A problem arises when HP VEE programs contain junctions. Junctions can run when any subset of their inputs have data, so the guards on junctions must be disjunctive (logical OR) instead of conjunctive. If we allow both conjunctive and disjunctive guarding, the guard sets must be replaced with potentially complex boolean expressions (using conjunctions and disjunctions). We show how to solve this problem below.
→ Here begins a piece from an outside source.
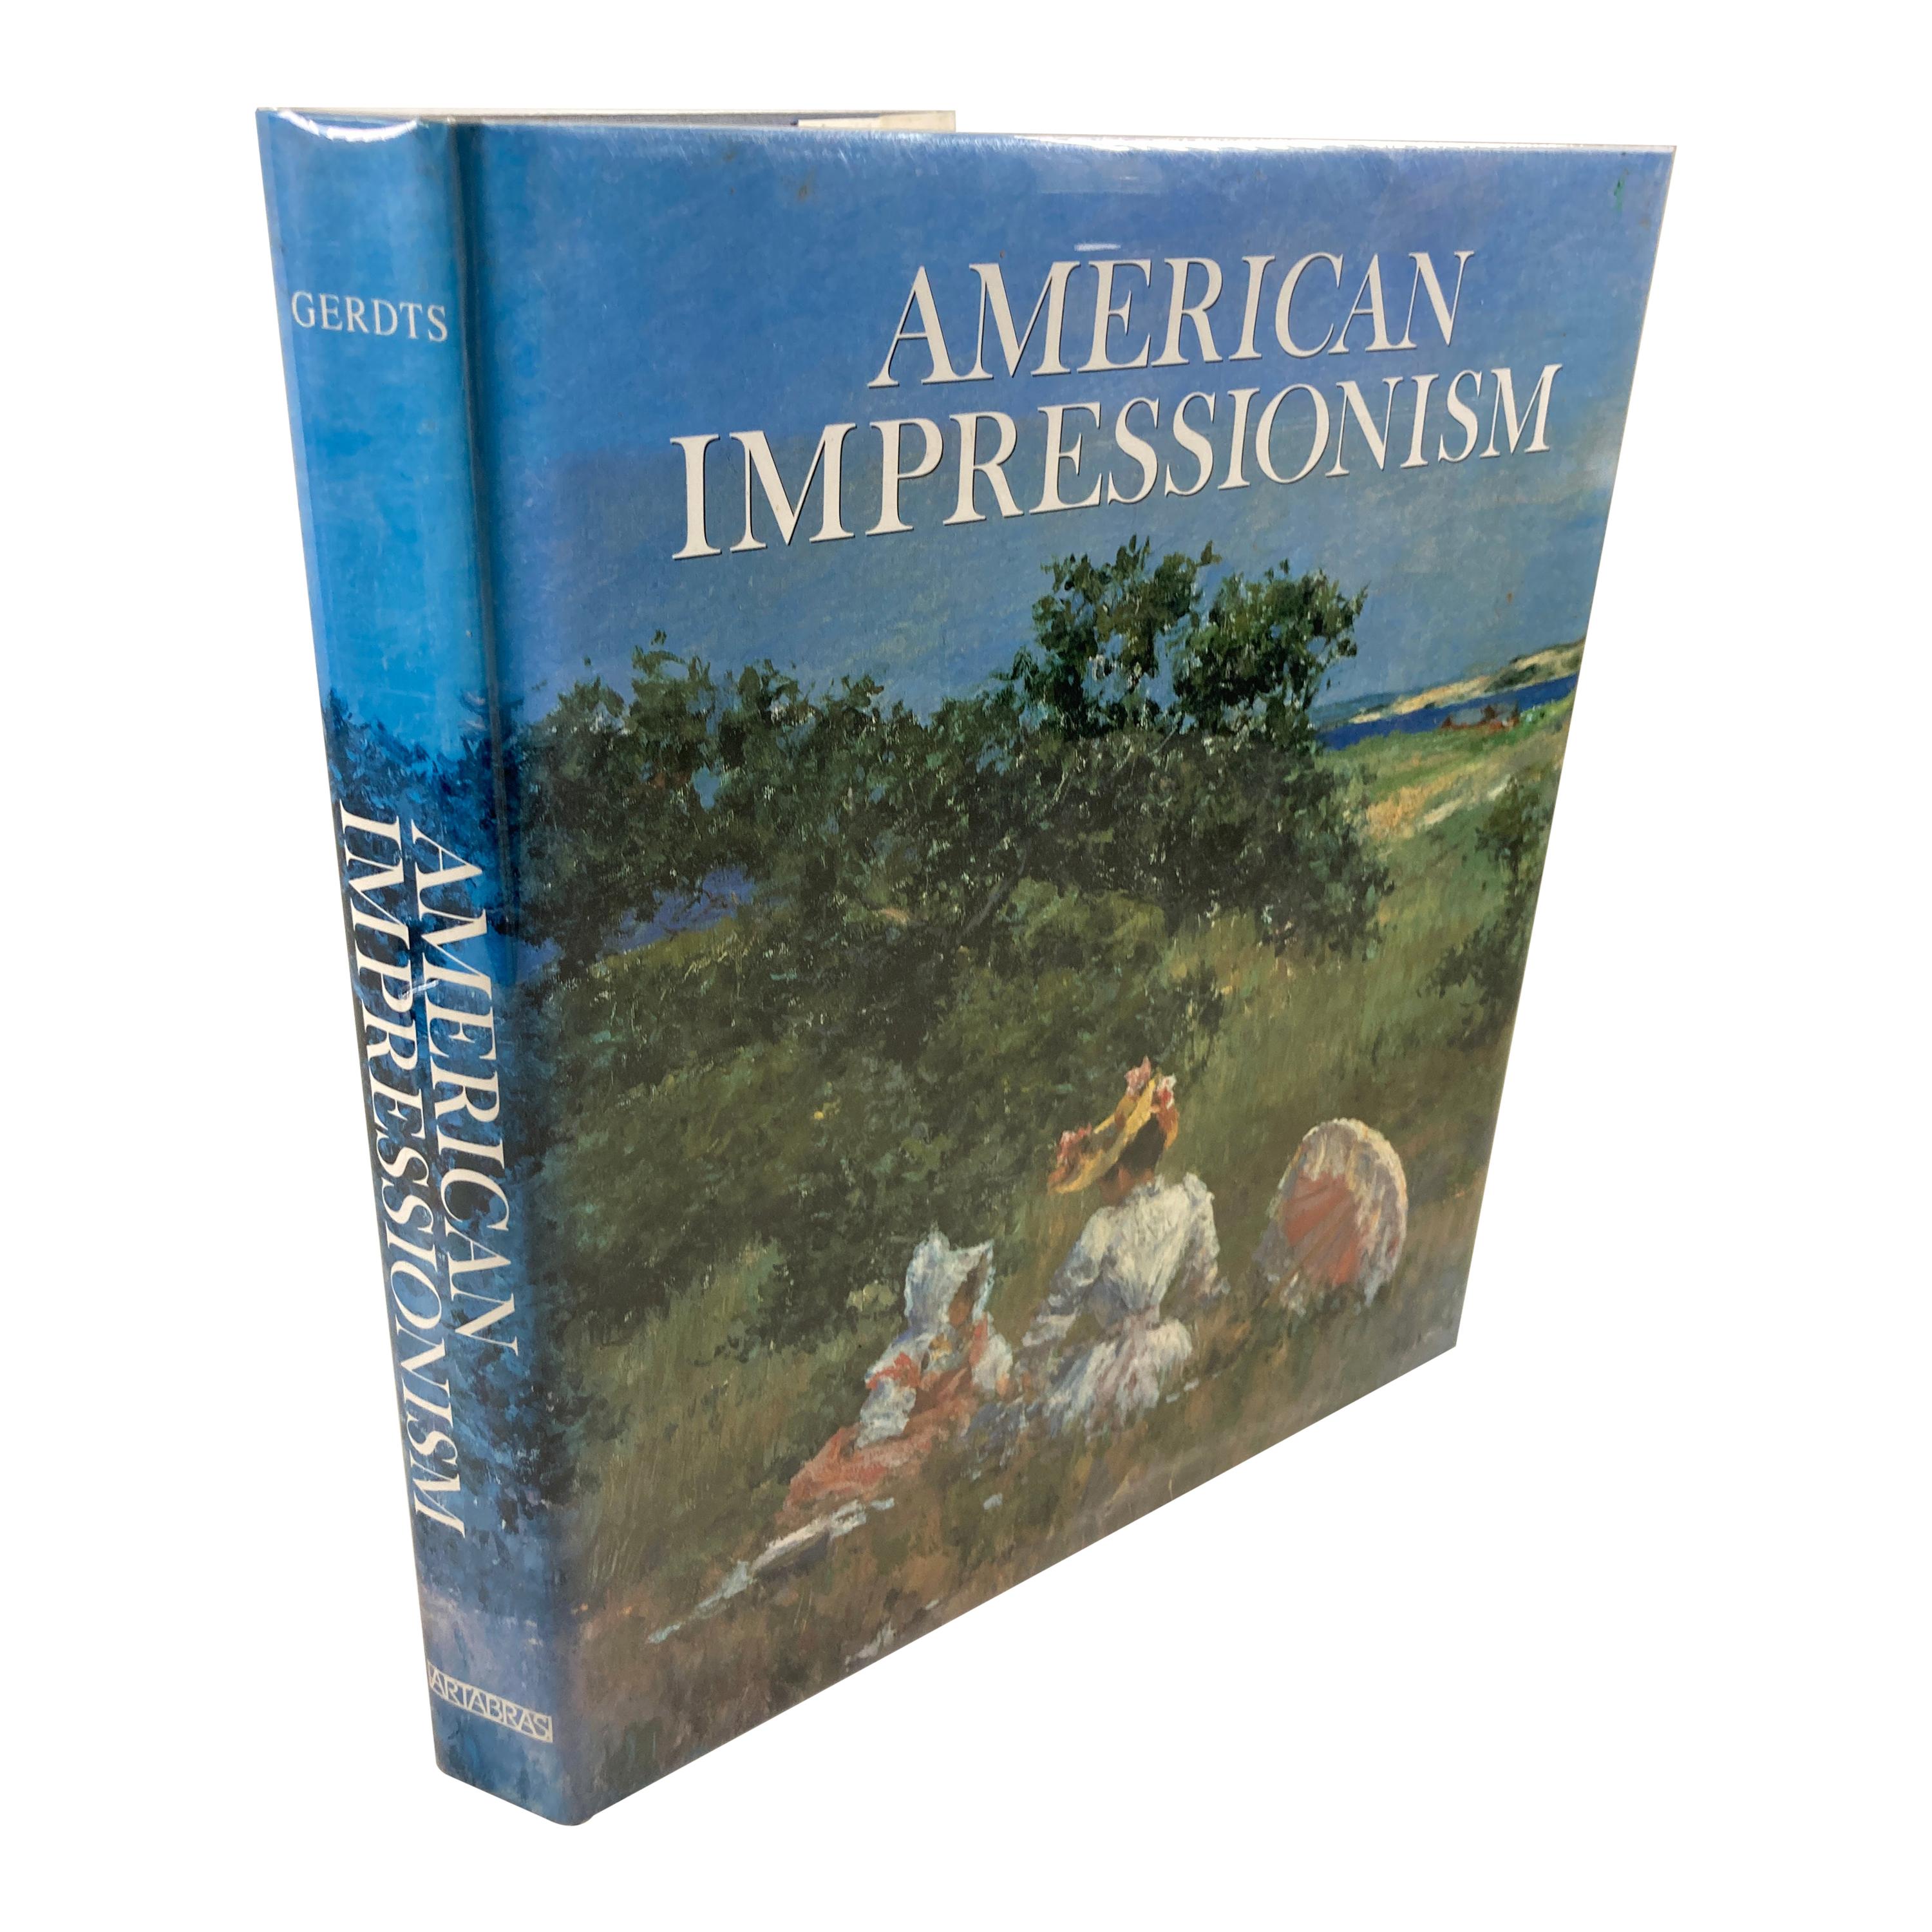 American Impressionism Hardcover Book by William H. Gerdts

Guards assigned to an iterator device should not be propagated into the iterator body. If the guards on the iterator device are false, the iterator will be skipped, so the body will be skipped as well. If the guards are true, the iterator and its body will run. In general, the body implicitly inherits the effect of the guards on the iterator. This works for junction bodies as well, so that the disjunctive guarding implied by junction semantics does not need to produce any explicit guards in the junction body. We can conclude from what we have discussed so far that guards do not need to propagate into the bodies of junctions or iterators, and the guard set can indeed be considered to represent a conjunction.
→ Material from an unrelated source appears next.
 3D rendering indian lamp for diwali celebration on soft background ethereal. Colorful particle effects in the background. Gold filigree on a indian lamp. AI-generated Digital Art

However, not propagating the guards of junctions and iterators into their bodies can lead to a problem when data created inside the body is used outside the body. We will refer to such data as "escaping" from the junction or iterator. Consider the configuration in **Figure 20**. Here device B is in the iterator body, but device C is not. If the lf/Then/ Else evaluates such that the condition connected to the iterator is false, the iterator and its body (device B) will





be skipped because the iterator is guarded via the If/Then/ Else. If the iterator does not run, device C should not run either, because it will not have input data. However, if the body of the iterator does not explicitly have the iterator's guards, device C will not inherit any guards from its parents. Here device C should be guarded by the guard that is on the iterator device. **Figure 21** shows a similar configuration using a junction instead of an iterator. Here device B does not need an explicit guard because it is in the body of the junction, but device C needs a disjunctive guard.

Although this problem could be solved by having guards of junctions and iterators propagate along paths of escaping data, this is not the best solution. One problem would be that disjunctive guards would still be needed. Another problem is that such propagated guards are sometimes redundant, and often more complicated than needed. A better and more general solution is motivated by the example in **Figure 22**. Here data escapes from the iterator, but there are no explicit conditionals. The iterator iterates the number of times specified by the formula feeding into it.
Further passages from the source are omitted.